Mariane Matera also composts, which she considers dumping old food into the garden, but she suspects it might be more involved a process than that.

Notice: Comments that are not conducive to an interesting and thoughtful conversation may be removed at the editor’s discretion.

  1. Susan Moyer on said:

    Love your recycling woes. I too am an avid recycler! Now my tow children and husband recycle!d I too do not want to see animals strangled by the six-pack plastic o-rings! Wow, there is a kindred spirit out there!! One question – where do you recycle regular batteries?

  2. Brian on said:

    The Whole Foods in Short Pump also has a Give Me Five program, so there’s an alternative to shipping it away.

  3. Chris on said:

    Red Monday.

  4. Paula Hough on said:

    Don’t spend $ (and fuel) to ship- Whole Foods in Short Pump has a #5 collection bin in the entry way. (It also has cork recycling inside near the wine dept).

  5. Christine on said:

    The plastic bag recycling for your air-packs? Life-changing. Thank-you for this. My level of excitement about this is probably too much for this time of day, but there you have it.
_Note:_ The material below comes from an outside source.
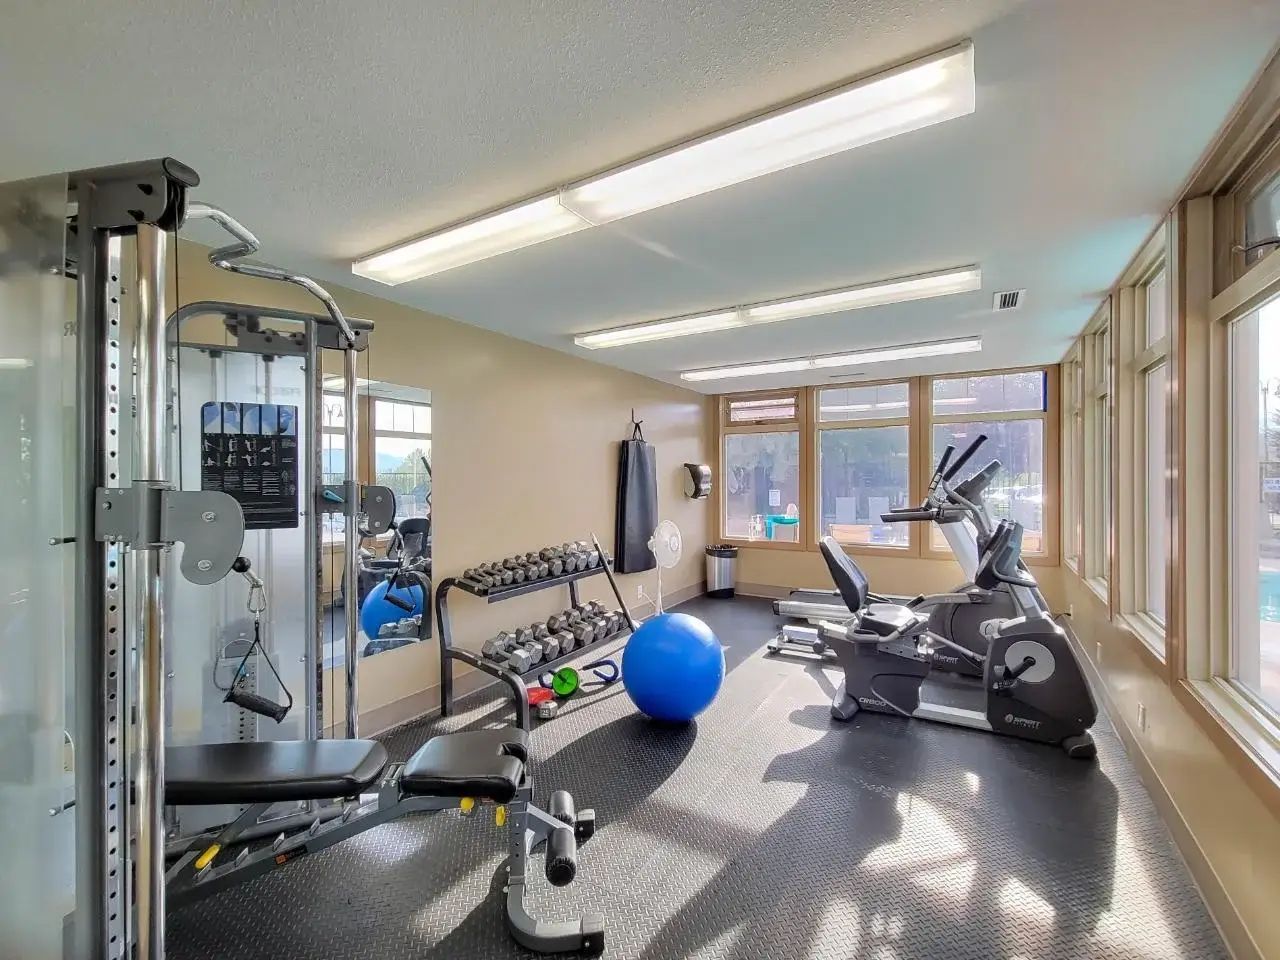 Full gym fitness centre of the Stylish condo of Lake Windermere Pointe in Invermere, a BC Vacation Rental hosted by Aisling Baile Property Management.

    I’m a big fan of the Urbana Eco trash can, if anyone is looking for a more attractive way to reuse plastic shopping bags (as opposed to hanging them on doorknobs like so many of us do).

  6. Another kindred spirit, Red Monday here. And since folks ahead of me told you about the Whole Foods Take Five bin, I’ll add that backyard hens happily eat old food dumped in the garden!

  7. Lydia on said:

    http://www.terracycle.com/en-US/
    They have some options.
    Water bottles are such a waste – much better to reuse (I prefer glass as I do not totally trust plastic). It’s not that hard a habit to get into. We have a filter hooked up by the kitchen sink.

  8. Mariane Matera on said:

    Besides promoting recycling, part of my job is to also discourage throwing trash into storm drains, so when I found myself behind a car on W. Broad yesterday and the passenger threw an aluminum can out the window, straight into the storm drain, I let out an audible scream, as if my life’s work was all for naught.

  9. Georgene kennedy on said:

    Hi i just love your writings . Have you ever been considered to write for the column in the RTD in my shoes? While i was in Florida this winter , I bought an adorable pocketbook made from recycled plastic bottles. It had an owl pattern all over it and very roomy. Lilly Bloom is the company. Hope to read more of your talent. I am definitely a fan.

  10. Hey Georgene! Please do not encourage our writers to go write for other publications! You hurt my soul!